В 1855 году умер Николай I. С трудом читатель поверит, но между тем это так: при известии о его кончине Сергей Григорьевич плакал, как ребенок. Мой отец об этом рассказывал, и я нашел подтверждение тому в архиве нашем. Княгиня Мария Николаевна пишет сыну, бывшему в отлучке: "Твой отец плачет, я третий день не знаю, что с ним делать". Было ли здесь воспоминание о прежней близости к царской семье? Было ли личное чувство к Николаю I, в связи с нарушением присяги?

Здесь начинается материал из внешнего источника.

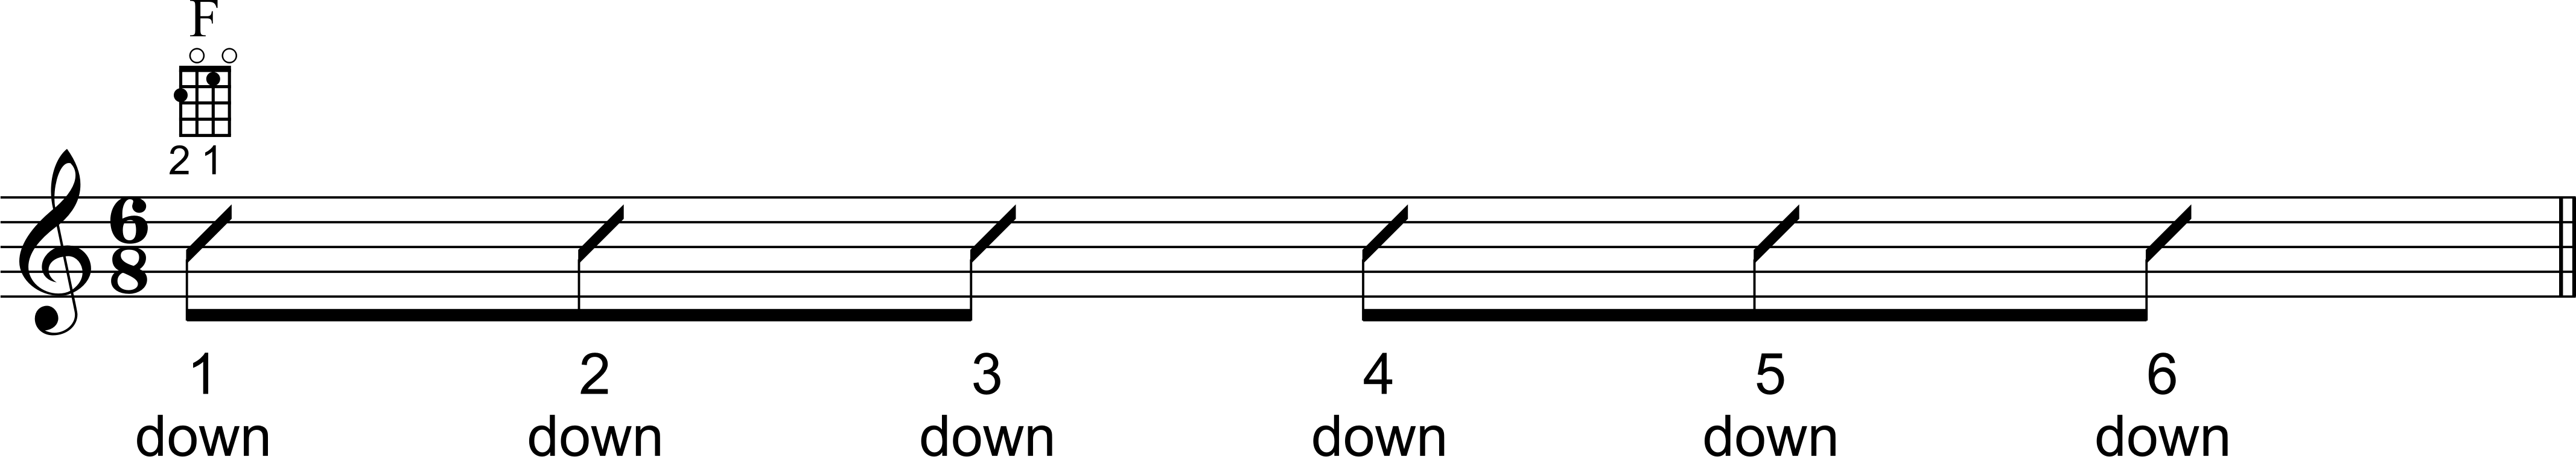 Down Strumming Pattern

Многое было в этих слезах, но, несомненно, больше всего была любовь к родине и тревога за ее судьбу. Россия {124} ходом Крымской войны очутилась на краю капитуляции. Император умер, новый император был, как и всегда всякий новый император, а в особенности для наших изгнанников, неизвестная величина. Сергей Григорьевич, как и все вокруг него, привык смотреть на Николая I, как на оплот русской державы; для него перемена была почти равносильна развалу. Кто мог удержать Poccию от падения? Какая сила, кроме Николая? Увы!
Они, как и многие, смешивали два понятия; они испытали гнет его, но гнет не есть сила. И в этом ошибка многих и не только тогда, но и в позднейших поколениях. Нигде, может быть, как в России, не смешивались эти два понятия. И все внешнее, что является результатом гнета, принималось за внутреннюю силу.
И когда только вылечится русское сознание от этого пагубного смешения? Сколько лжи, национальной, общественной, религиозной, от этого смешения. Ложь - коренная болезнь русской государственности, ложь и ее неминуемый спутник - лицемерие, лицемерна и его изнанка - цинизм. Без них Россия не существовала. Но ведь вопрос жизни не заключается просто в существовании, а, как сказал Владимир Соловьев, - в достойном существовании.
Больно, но нельзя не признать, что если Россия не может существовать иначе, чем существовала, то она не имеет права на существование. До сих пор Россия не показала, что может существовать иначе ...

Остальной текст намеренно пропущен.